Overall, our work provides fundamental insights to help build a mechanistic framework explaining the organism-wide effects of sepsis, which will fuel therapeutic innovation for a disease lacking targeted drugs.
Methods
Mice
Female C57BL/6J mice (wild-type, stock 000664), B6.129S7-Ifngtm1Ts/J (Ifng KO, stock 002287), B6.129P2-Il18tm1Aki/J (Il18 KO, stock 004130), C57BL/6J-Il1bem2Lutzy/Mmjax (Il1b KO, stock 068082-JAX) and B6.129S-Tnftm1Gkl/J (Tnf KO, stock 005540) were obtained from the Jackson Laboratories. Animals were housed in specific pathogen-free and BSL2 conditions at The University of Chicago, and all experiments were performed in accordance with the US National Institutes of Health Guide for the Care and Use of Laboratory Animals and approved by The University of Chicago Institutional Animal Care and Use Committee.
Mouse models of endotoxemia and sepsis
For LPS endotoxemia, mice were injected intraperitoneally with either lethal (10–15 mg per kg body weight) or sublethal (3–5 mg per kg body weight) doses of LPS derived from Escherichia coli O55:B5 (Sigma-Aldrich) diluted in PBS. Dosing was established for each lot of LPS by in vivo titration. CLP was performed as described by others59,60. Briefly, mice were anesthetized with isoflurane. A 1- to 2-cm midline laparotomy was performed and the cecum was exposed. The cecum was ligated with 6-0 silk sutures (Ethicon) and perforated as follows to vary disease severity: (1) mild sepsis: ligate at distal 33% position and perforate once with a 21-gauge needle; (2) moderate sepsis: ligate at distal 40% position and perforate twice with a 19-gauge needle; (3) severe sepsis: ligate immediately below the ileocecal valve and perforate twice with a 19-gauge needle. The cecum was tucked back into the peritoneum and gently squeezed to extrude a small amount of fecal content. The peritoneal wall was closed using absorbable suture. The skin was closed with surgical staples. To resuscitate animals, 1 ml of saline was injected subcutaneously. Mice were temporarily placed on a heating pad for recovery. Sham-operated mice underwent the same procedure except that the cecum was neither tied nor perforated.

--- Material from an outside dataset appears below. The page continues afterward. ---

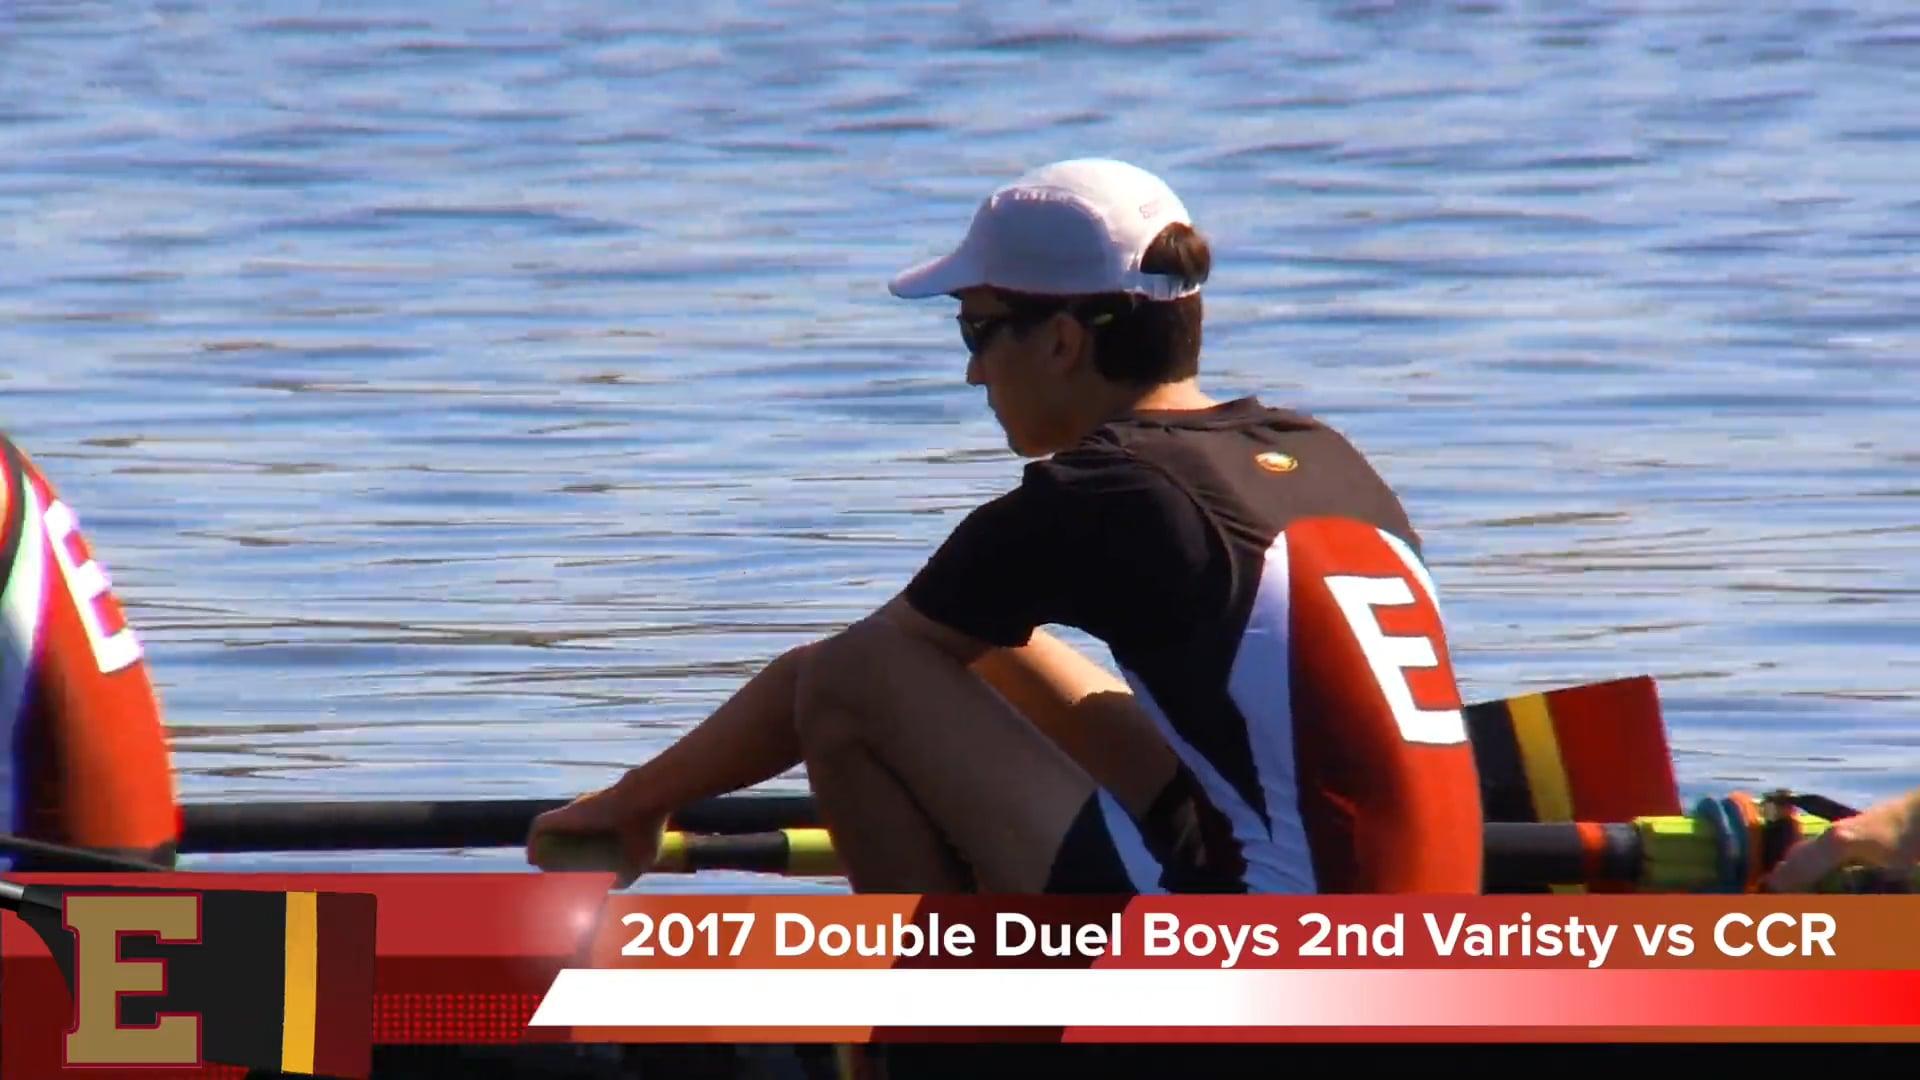 Boys 2nd Varsity 2017 Double Duel Jacksonville Episcopal vs Capital City Rowing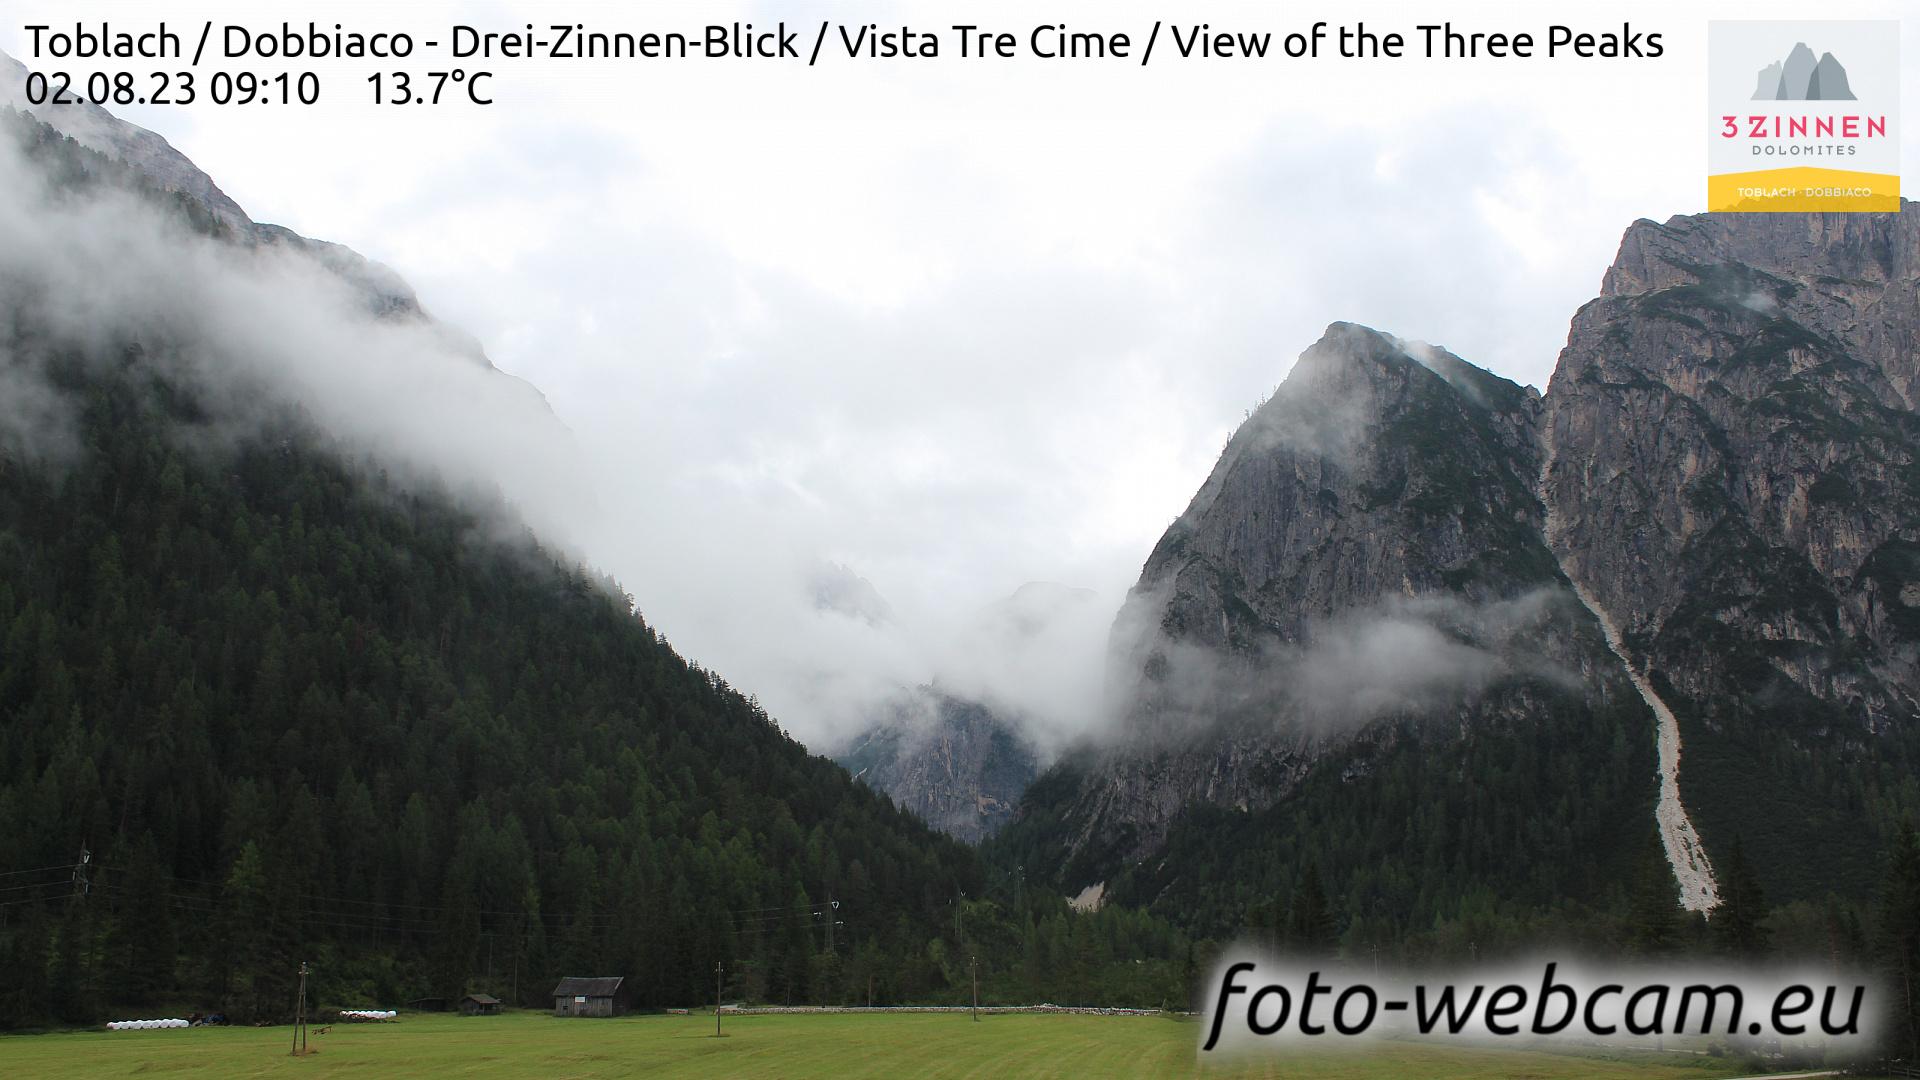 Toblach (Dolomites) Tue. 09:27

Recombinant cytokine injections
C57BL/6J mice were injected intravenously with 2.5 µg of recombinant TNF, IL-1β, IL-6, IL-10, IL-18 or IFN-γ used alone (6 singles) or in pairwise combinations (15 pairs).
Neutralizing antibody and drug treatments
For neutralizing antibodies, C57BL/6J or indicated knockout mice were injected intraperitoneally with 50 µg of TNF (clone BE0058, BioXCell), IL-18 (clone BE0237, BioXCell), IFN-γ (clone BE0055, BioXCell) or IL-1β (clone BE0246, BioXCell) neutralizing antibodies in 100 µl of PBS 1 h before LPS injection.
Blood analysis
Mouse whole blood was harvested by cardiac puncture and plasma and serum were isolated using lithium heparin-coated Microtainer blood collection tubes (BD, 365965) and Microtainer blood collection tubes (BD, 365978), respectively. For flow cytometric, bead-based immunoassays, plasma was diluted and processed using the LEGENDplex Mouse Inflammation Panel (BioLegend, 740446) and Mouse Macrophage/Microglia Panel (BioLegend, 740846) kits. Data were acquired on the NovoCyte flow cytometer (Acea Biosciences/Agilent) and analyzed using the LEGNEDplex software v8 (BioLegend). To measure tissue injury marker levels in sera, samples were processed with the following kits for BUN (BioAssay Systems DIUR-100), ALT (Cayman Chemical, 700260) and troponin-I (Life Diagnostics, CTNI-1-HS) levels according to the manufacturer’s instructions.
Tissue harvest
Tissues were harvested, frozen and stored as previously described16,17. Mice were anesthetized with 2,2,2-tribromoethanol (250–500 mg per kg body weight) and perfused transcardially with PBS containing 10 mM EDTA (to avoid signal contamination from blood in tissues). Before perfusion, blood was collected by cardiac puncture and stored on ice and, immediately after perfusion, tissues were placed in RNA-preserving solution (5.3 M ammonium sulfate, 25 mM sodium citrate, 20 mM EDTA) and kept at 4 °C overnight before transfer at −80 °C for storage. For each mouse, we harvested up to 13 tissues in total: iLNs, flank skin, thymus, heart, lung, spleen, kidney, small intestine, colon, liver, brain, bone marrow and PBMCs. Small intestine and colon were cut longitudinally and washed extensively in PBS to completely remove feces contamination. Bone marrow cells were collected from femora and tibiae, stored overnight in RNA-preserving solution at 4 °C, centrifuged at 5,000g for 5 min at 4 °C and cell pellets were stored at −80 °C.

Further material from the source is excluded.